Riesige Ausmaße: So soll das Mega-Baugebiet zwischen Hehlingen und Nordsteimke einmal aussehen. Quelle: Rasehorn, Anja (06-1)

Enge Zusammenarbeit mit Bürgern wird fortgesetzt

„Es war spannend, den Prozess einer sehr lebhaften, teilweise sogar leidenschaftlichen Entwurfsfindung in Funktion eines Beiratsmitglieds, aber selbstverständlich auch aus den Augen eines Bürgers, transparent und nachvollziehbar verfolgen zu können“, sagte Beiratsmitglied Harald Hoppe. Henrik Thomsen bedankte sich für die „bisher sehr erfolgreiche Zusammenarbeit mit allen Beteiligten“ und fügte hinzu: „Der Beirat und die Kinder- und Jugendbeteiligung sind für mich und unser Unternehmen eine sehr wichtige Größe. Wir freuen uns auf die zukünftige Zusammenarbeit“.
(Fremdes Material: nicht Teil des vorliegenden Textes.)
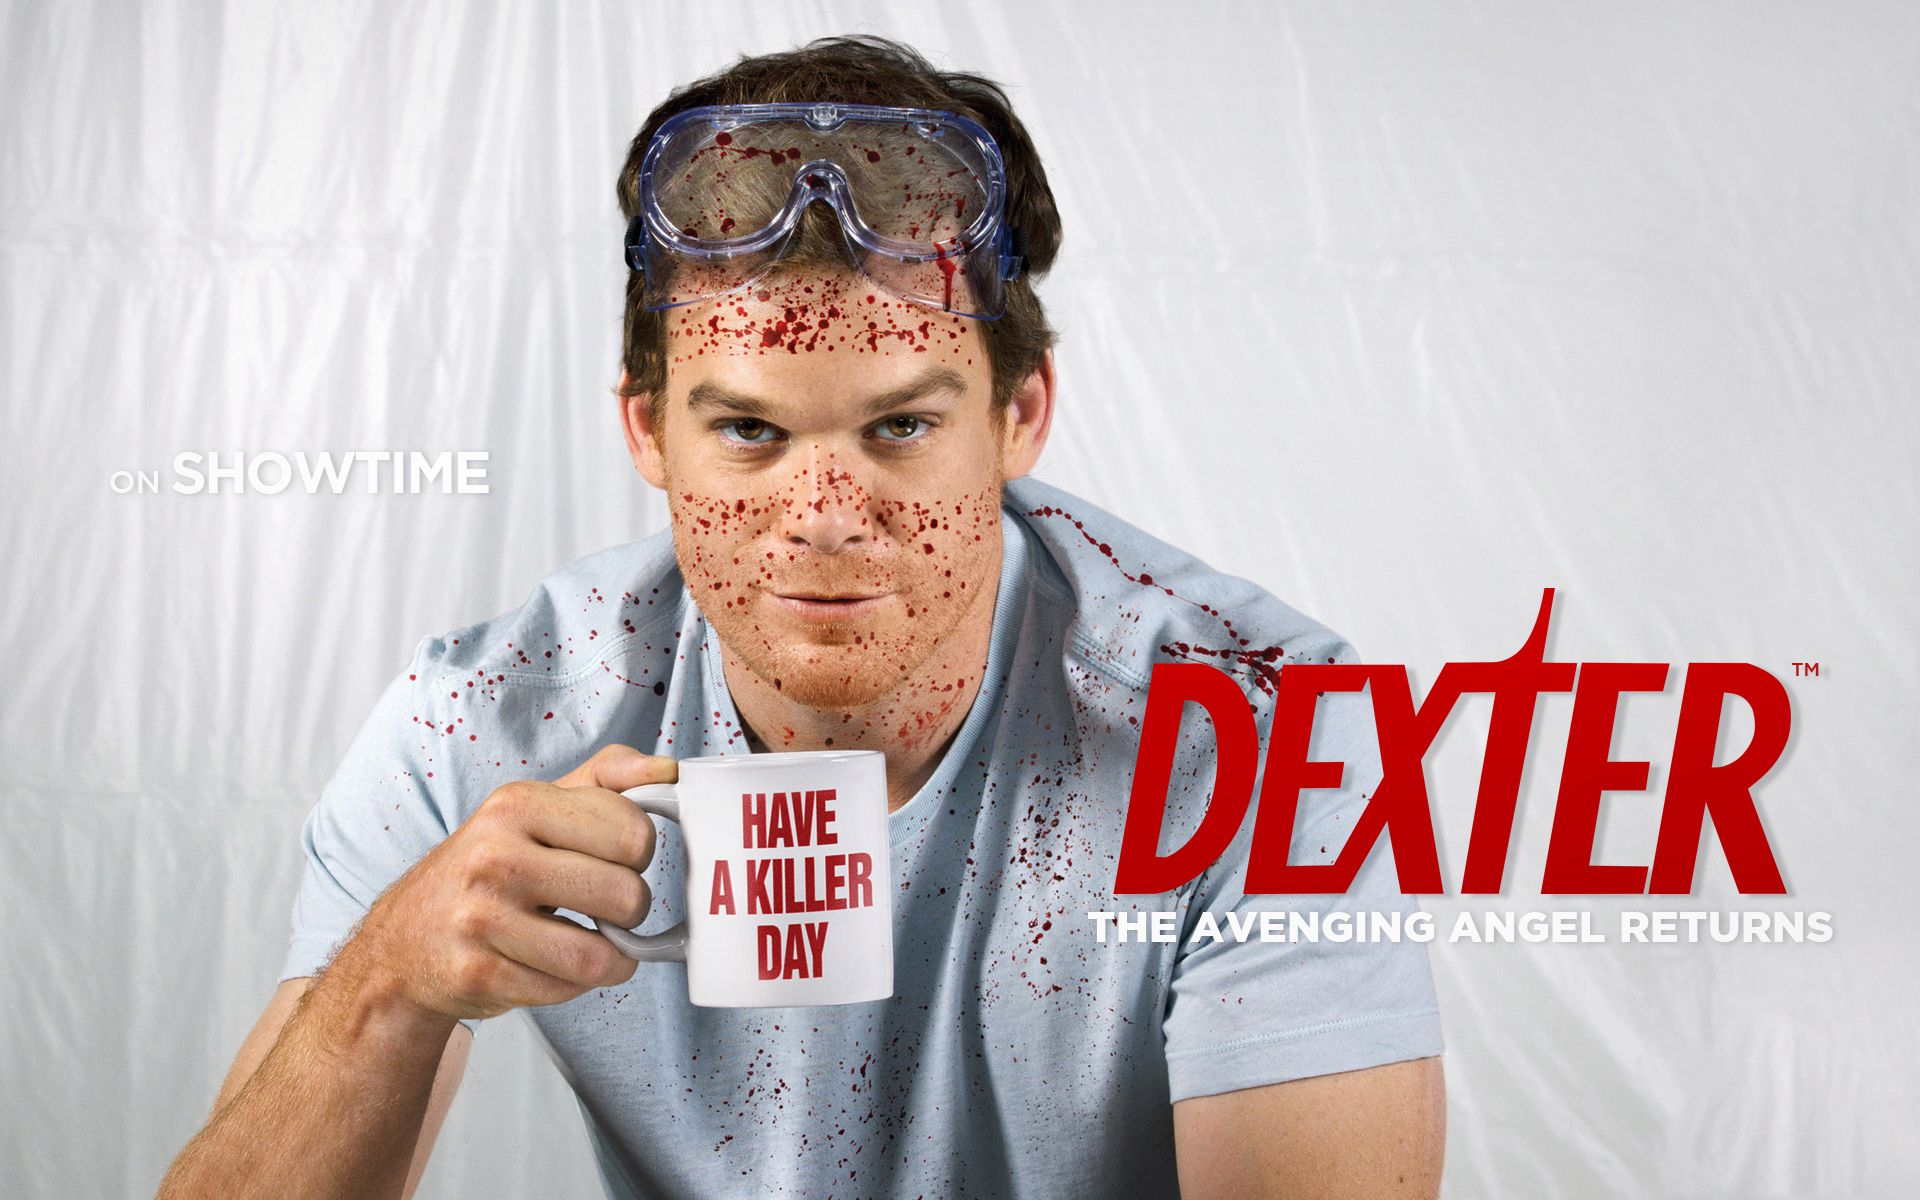 Dexter Wallpaper Best HD Desktop Widescreen

Denn auch im Jahr 2019 soll die erfolgreiche und intensive Zusammenarbeit fortgesetzt werden. Das mit 400 Wohneinheiten geplante städtische Quartier 4 und ein gesondertes Forschungsprojekt zu einem urbanen Quartier bieten erneut die Möglichkeit der Mitwirkung.